- Input data -
=======
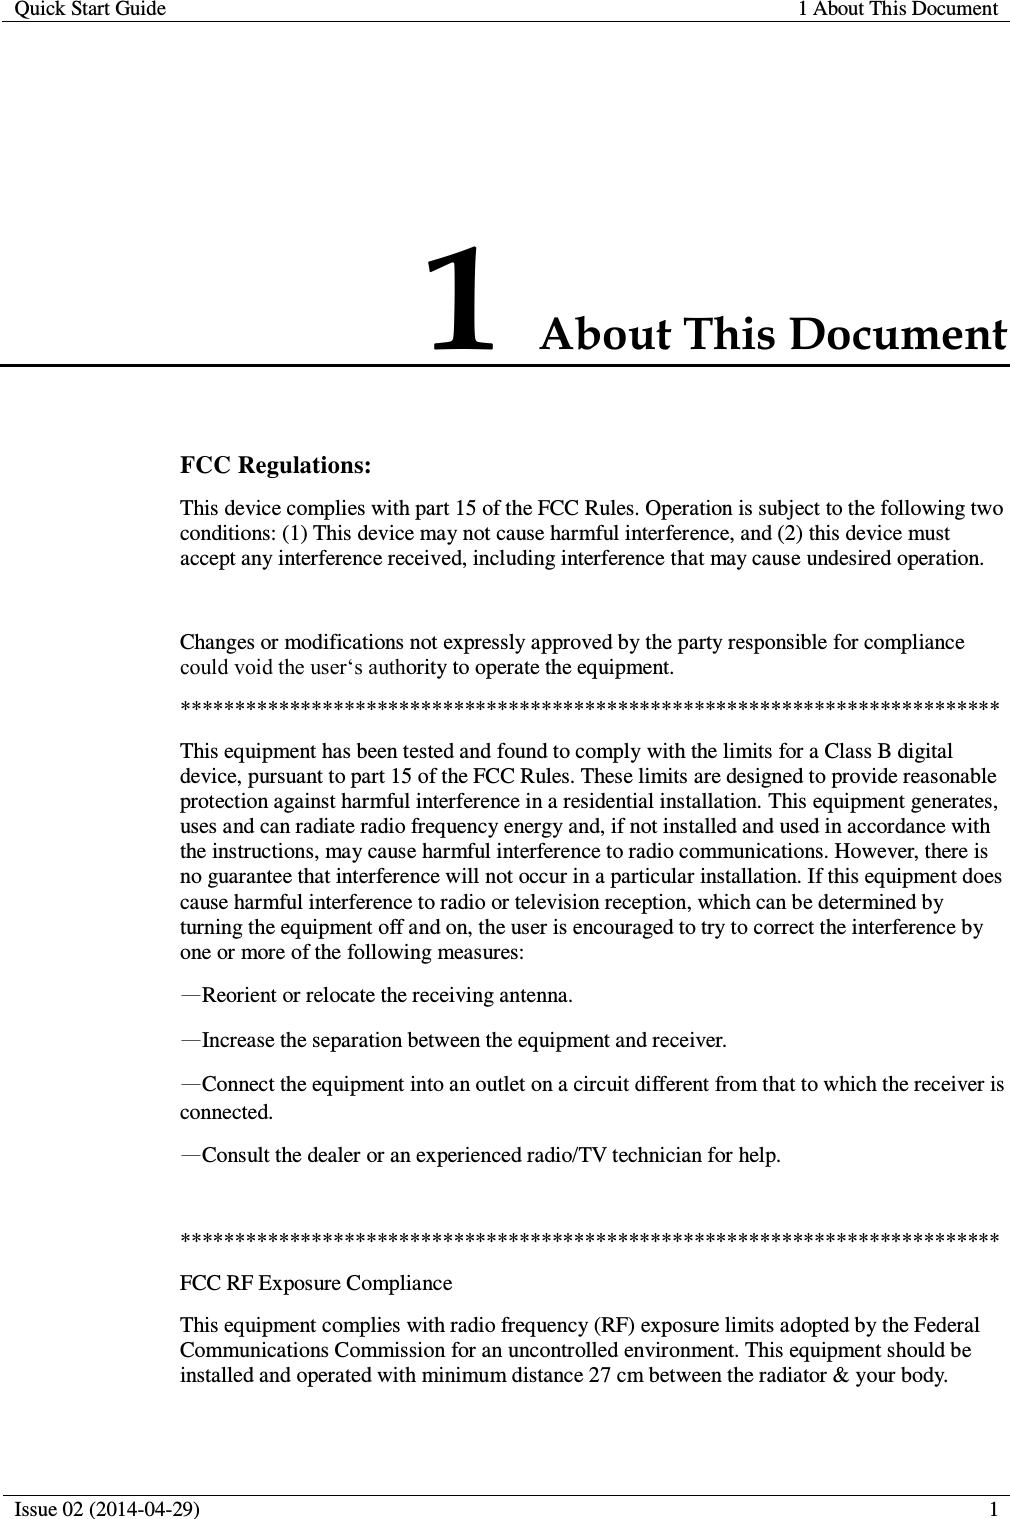  Quick Start Guide 1 About This Document  Issue 02 (2014-04-29)  1  1 About This Document FCC Regulations: This device complies with part 15 of the FCC Rules. Operation is subject to the following two conditions: (1) This device may not cause harmful interference, and (2) this device must accept any interference received, including interference that may cause undesired operation.  Changes or modifications not expressly approved by the party responsible for compliance could void the user‘s authority to operate the equipment. *************************************************************************** This equipment has been tested and found to comply with the limits for a Class B digital device, pursuant to part 15 of the FCC Rules. These limits are designed to provide reasonable protection against harmful interference in a residential installation. This equipment generates, uses and can radiate radio frequency energy and, if not installed and used in accordance with the instructions, may cause harmful interference to radio communications. However, there is no guarantee that interference will not occur in a particular installation. If this equipment does cause harmful interference to radio or television reception, which can be determined by turning the equipment off and on, the user is encouraged to try to correct the interference by one or more of the following measures: —Reorient or relocate the receiving antenna. —Increase the separation between the equipment and receiver. —Connect the equipment into an outlet on a circuit different from that to which the receiver is connected. —Consult the dealer or an experienced radio/TV technician for help.  *************************************************************************** FCC RF Exposure Compliance This equipment complies with radio frequency (RF) exposure limits adopted by the Federal Communications Commission for an uncontrolled environment. This equipment should be installed and operated with minimum distance 27 cm between the radiator &amp; your body.
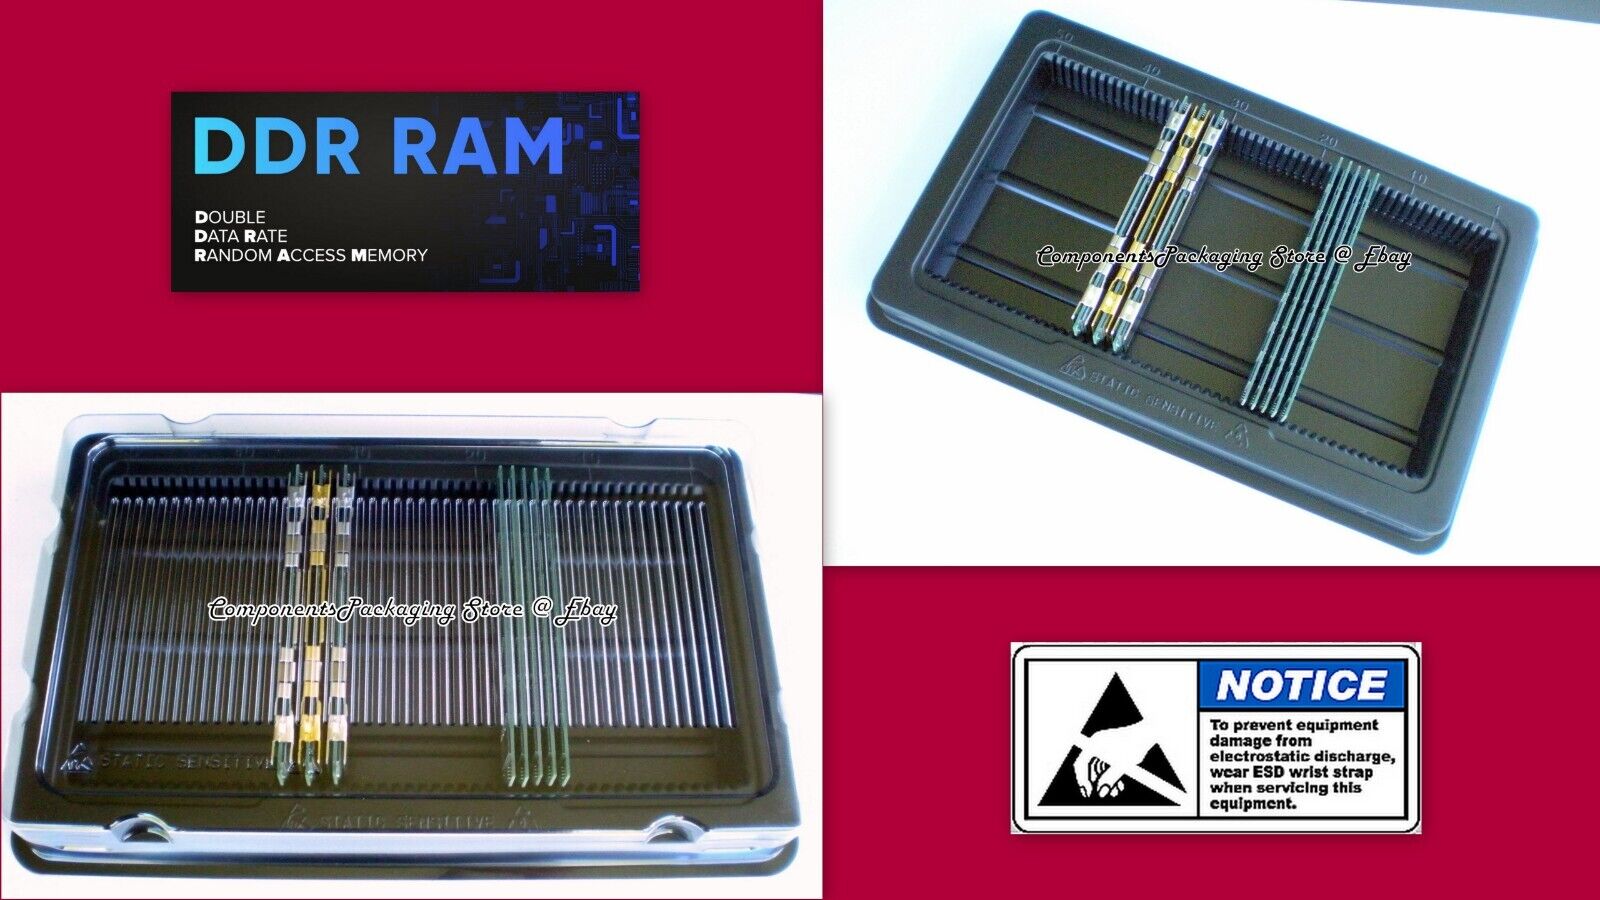 RAM Memory Packaging 50 Trays Fits up to 2500 DDR UDIMM FDIMM RDIMM  Anti Static
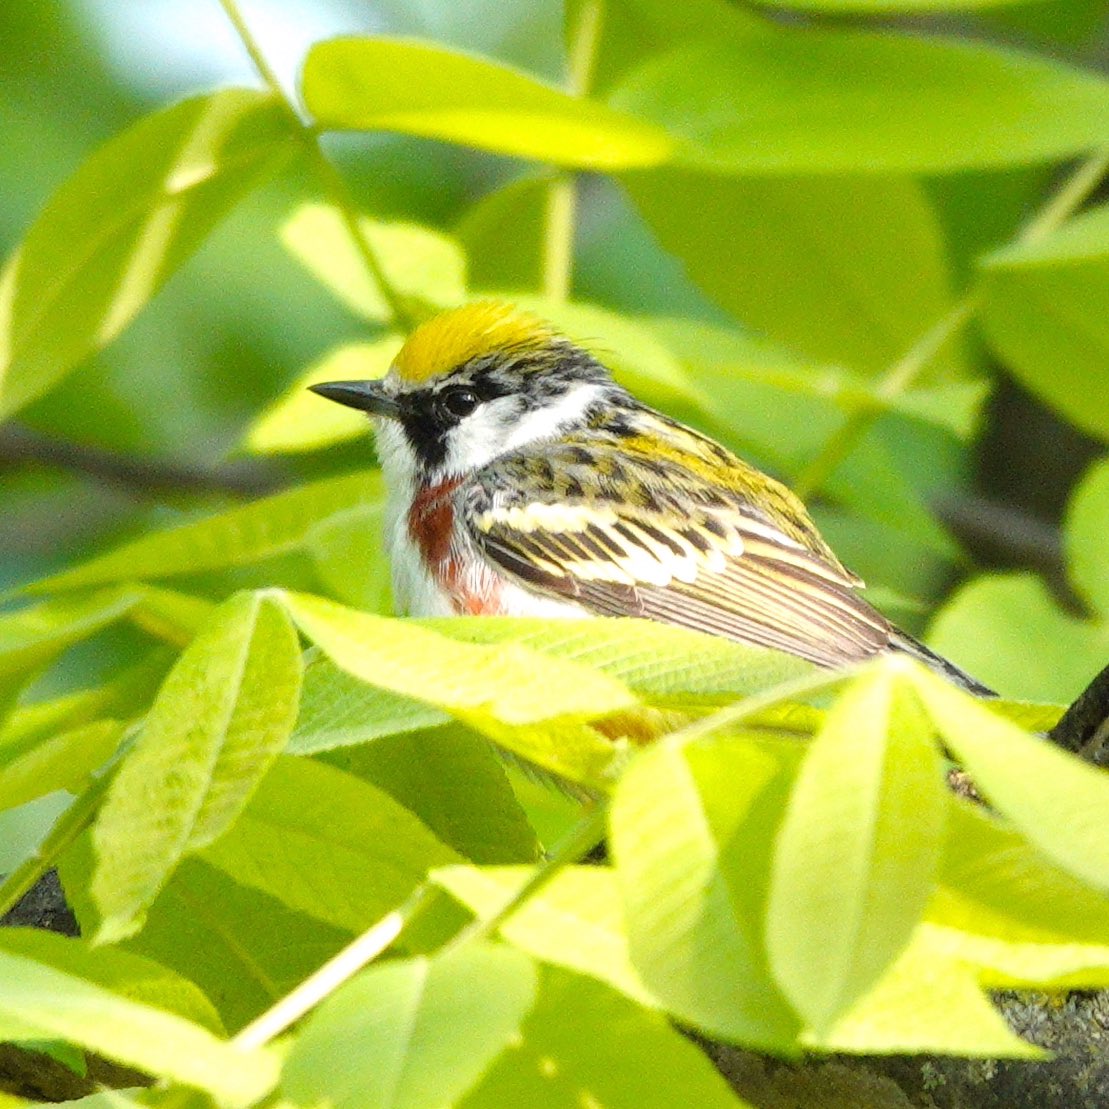 Chestnut-sided Warbler. These colorful warblers have the friendly phonetic “please-please-pleased to meetcha” often associated with their song! #warbler #warblers #birding #birdphotography #songbirds #springmigration #birdcp #birdcpp #birds #birdphotos #birdpics #bird
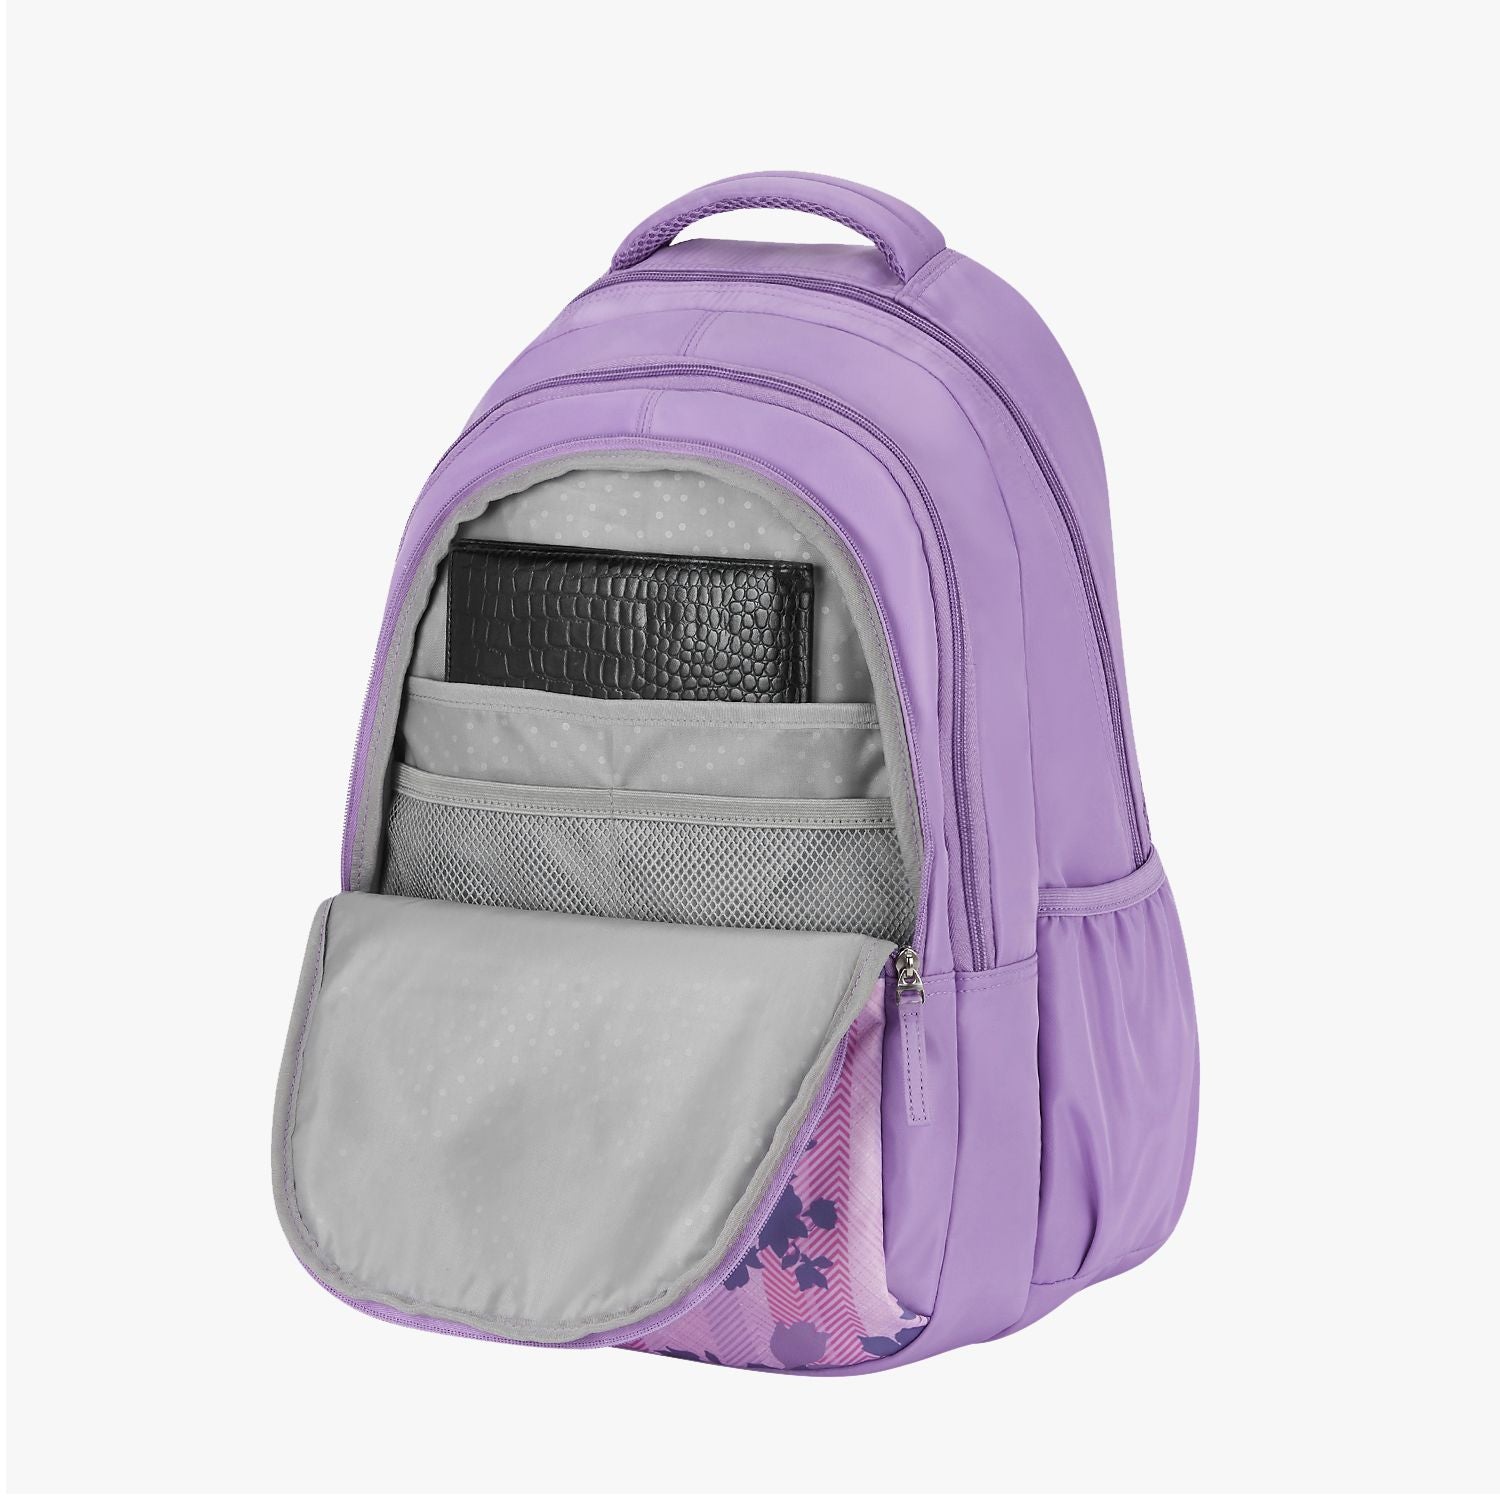 Genie Quinn 36L Purple Laptop Backpack With Laptop Sleeve
=======
- What is expected -
With the images omitted, return the full material exactly.

- Written answer -
  Quick Start Guide 1 About This Document  Issue 02 (2014-04-29)  1  1 About This Document FCC Regulations: This device complies with part 15 of the FCC Rules. Operation is subject to the following two conditions: (1) This device may not cause harmful interference, and (2) this device must accept any interference received, including interference that may cause undesired operation.  Changes or modifications not expressly approved by the party responsible for compliance could void the user‘s authority to operate the equipment. *************************************************************************** This equipment has been tested and found to comply with the limits for a Class B digital device, pursuant to part 15 of the FCC Rules. These limits are designed to provide reasonable protection against harmful interference in a residential installation. This equipment generates, uses and can radiate radio frequency energy and, if not installed and used in accordance with the instructions, may cause harmful interference to radio communications. However, there is no guarantee that interference will not occur in a particular installation. If this equipment does cause harmful interference to radio or television reception, which can be determined by turning the equipment off and on, the user is encouraged to try to correct the interference by one or more of the following measures: —Reorient or relocate the receiving antenna. —Increase the separation between the equipment and receiver. —Connect the equipment into an outlet on a circuit different from that to which the receiver is connected. —Consult the dealer or an experienced radio/TV technician for help.  *************************************************************************** FCC RF Exposure Compliance This equipment complies with radio frequency (RF) exposure limits adopted by the Federal Communications Commission for an uncontrolled environment. This equipment should be installed and operated with minimum distance 27 cm between the radiator &amp; your body.
 RAM Memory Packaging 50 Trays Fits up to 2500 DDR UDIMM FDIMM RDIMM  Anti Static
 Chestnut-sided Warbler. These colorful warblers have the friendly phonetic “please-please-pleased to meetcha” often associated with their song! #warbler #warblers #birding #birdphotography #songbirds #springmigration #birdcp #birdcpp #birds #birdphotos #birdpics #bird
 Genie Quinn 36L Purple Laptop Backpack With Laptop Sleeve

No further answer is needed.